Dengan demikian, pemahaman istiqomah tidak hanya sekadar melakukan kebaikan secara rutin, tetapi juga melibatkan keahlian untuk membikin keputusan nan tepat berasas situasi nan dihadapi. Istiqomah adalah tentang memilih kebaikan nan paling relevan dan mendesak dalam konteks tertentu.
Istiqomah Versi Gus Baha
Istiqamah, dalam pandangan Gus Baha, adalah konsep nan sering disalahpahami ketika dihadapkan pada dilema antara ibadah pribadi dan tanggung jawab sosial.

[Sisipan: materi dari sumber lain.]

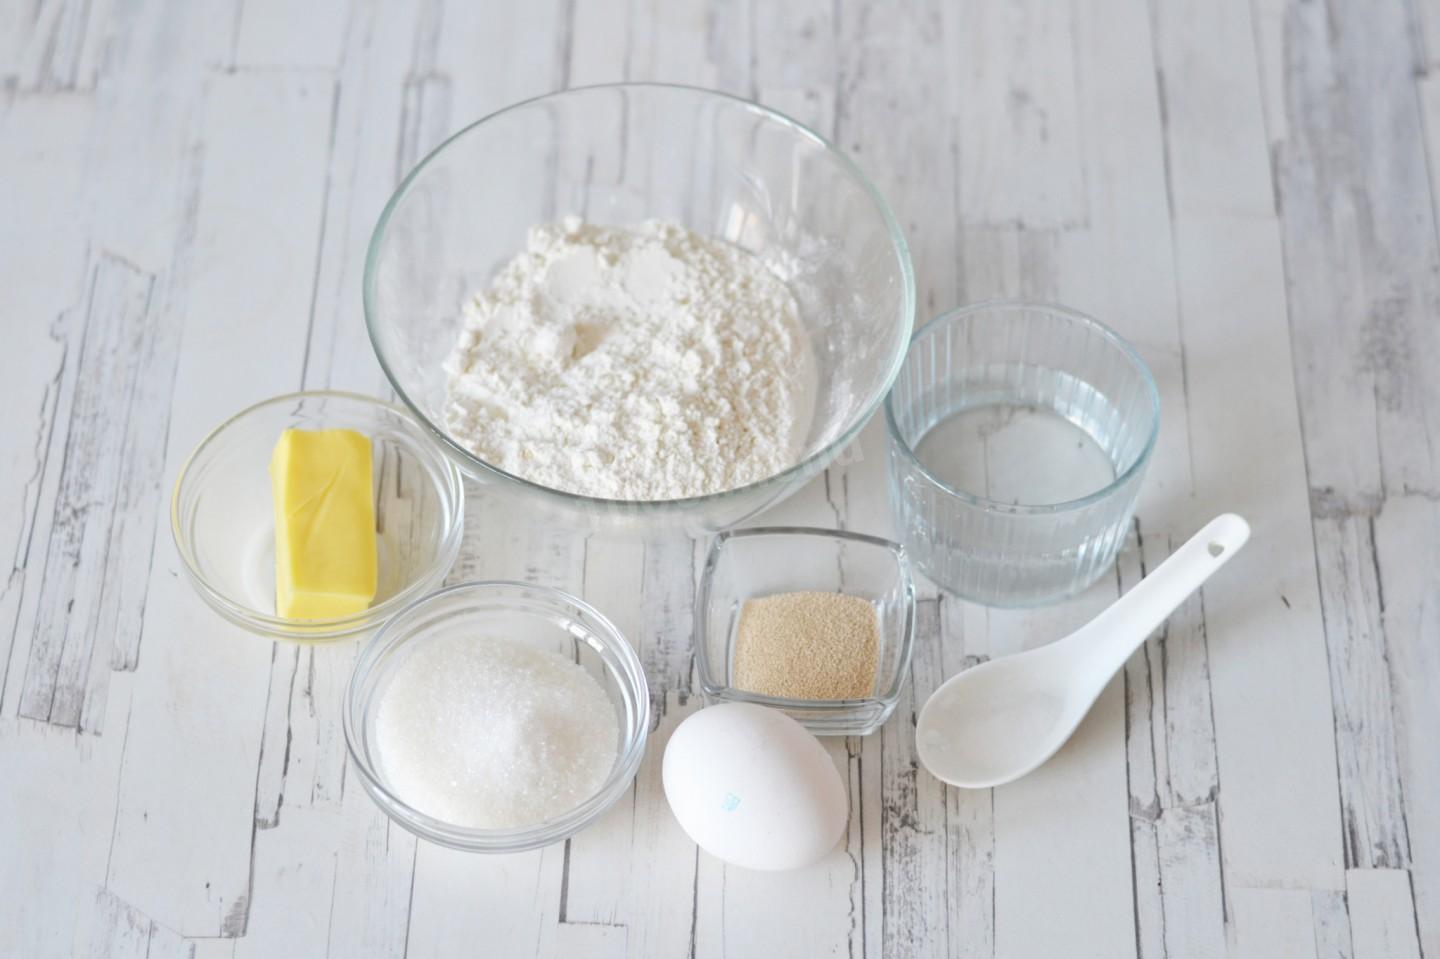 Мука соль. 80 Г муки. Мука сахар дрожжи вода яйца. Мука соль поделки.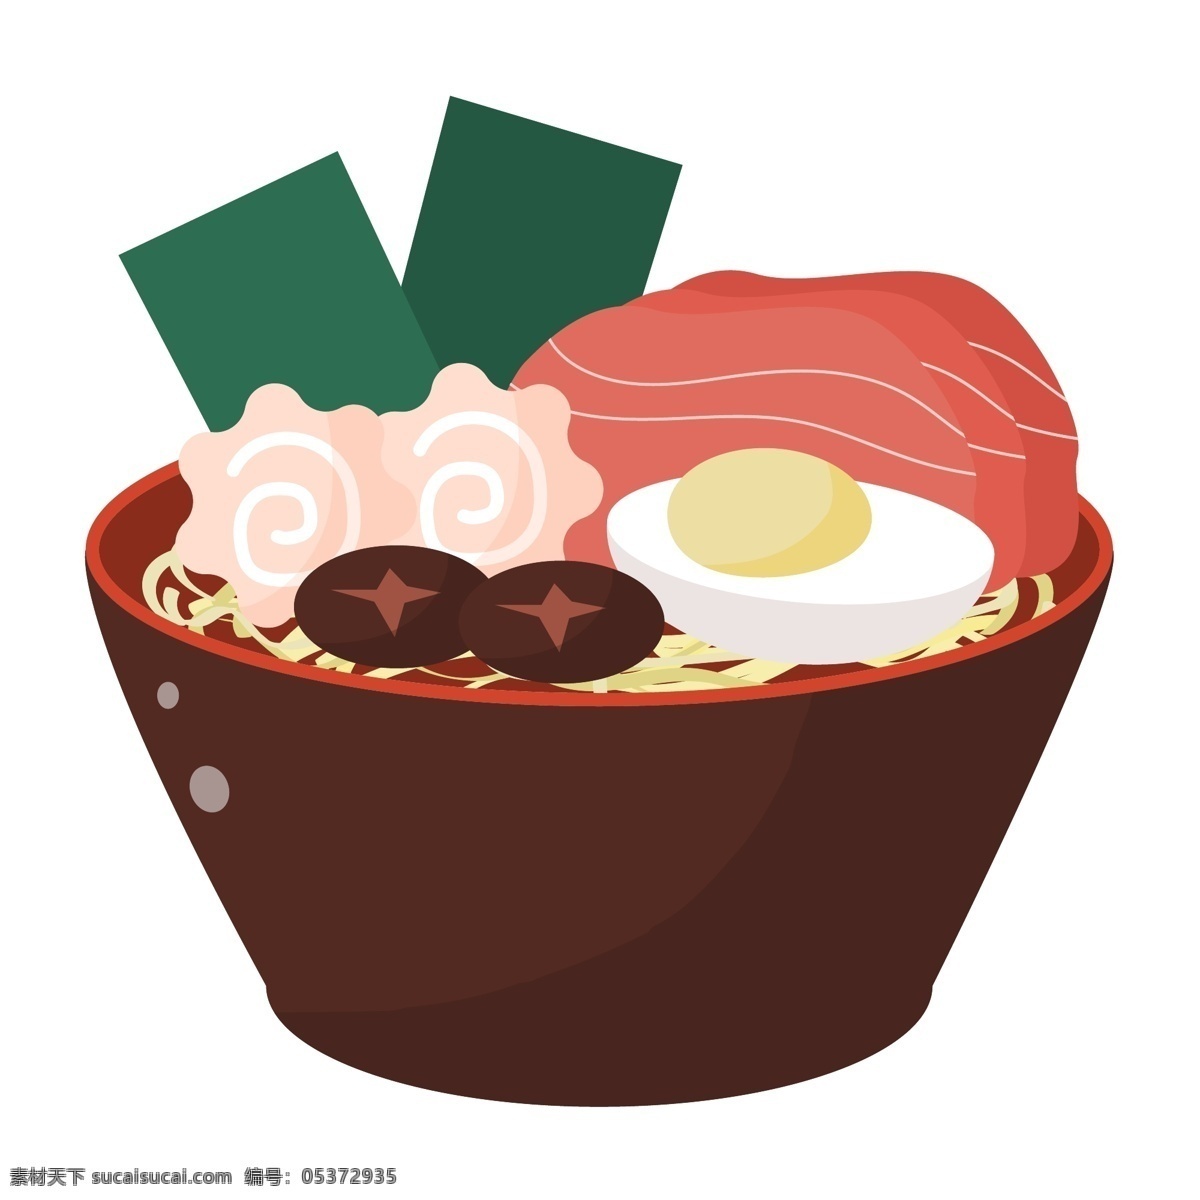 美味 日式 拉面 插画 美味的拉面 日式拉面插画 精致的碗具 卡通食物插画 日式拉面

Beliau menekankan bahwa istiqamah tidak boleh diartikan secara sempit sebagai konsistensi dalam satu corak kebaikan saja, tetapi kudu mencakup kesadaran bakal kebutuhan sosial dan kemanusiaan di sekitar kita.
Misalnya, ketika seseorang tengah beragama alias melakukan kebaikan nan sudah menjadi rutinitasnya, dan tiba-tiba muncul situasi darurat nan memerlukan bantuannya, seperti ada personil family nan sakit, maka memilih untuk tetap pada rutinitas tersebut tanpa merespons kebutuhan mendesak tersebut adalah corak kesalahpahaman dalam memahami istiqamah.
Gus Baha menyoroti bahwa sikap seperti ini tidak mencerminkan pemahaman nan mendalam dari seorang mahir ilmu, melainkan lebih menunjukkan keakuan nan mengabaikan prinsip dari istiqamah itu sendiri. Istiqamah nan benar, menurut beliau, haruslah seimbang antara ibadah pribadi dan tanggung jawab sosial, sehingga tidak menjadikan kepercayaan tampak kaku dan tidak peka terhadap situasi sosial.
Dengan memahami istiqamah dalam konteks nan tepat, kita dapat mengembangkan kebaikan nan berkepanjangan dan saling mendukung, nan mencakup beragam dimensi kehidupan, termasuk kepedulian terhadap sesama.
Follow Official WA Channel Fimela.com untuk mendapatkan artikel-artikel terkini di sini.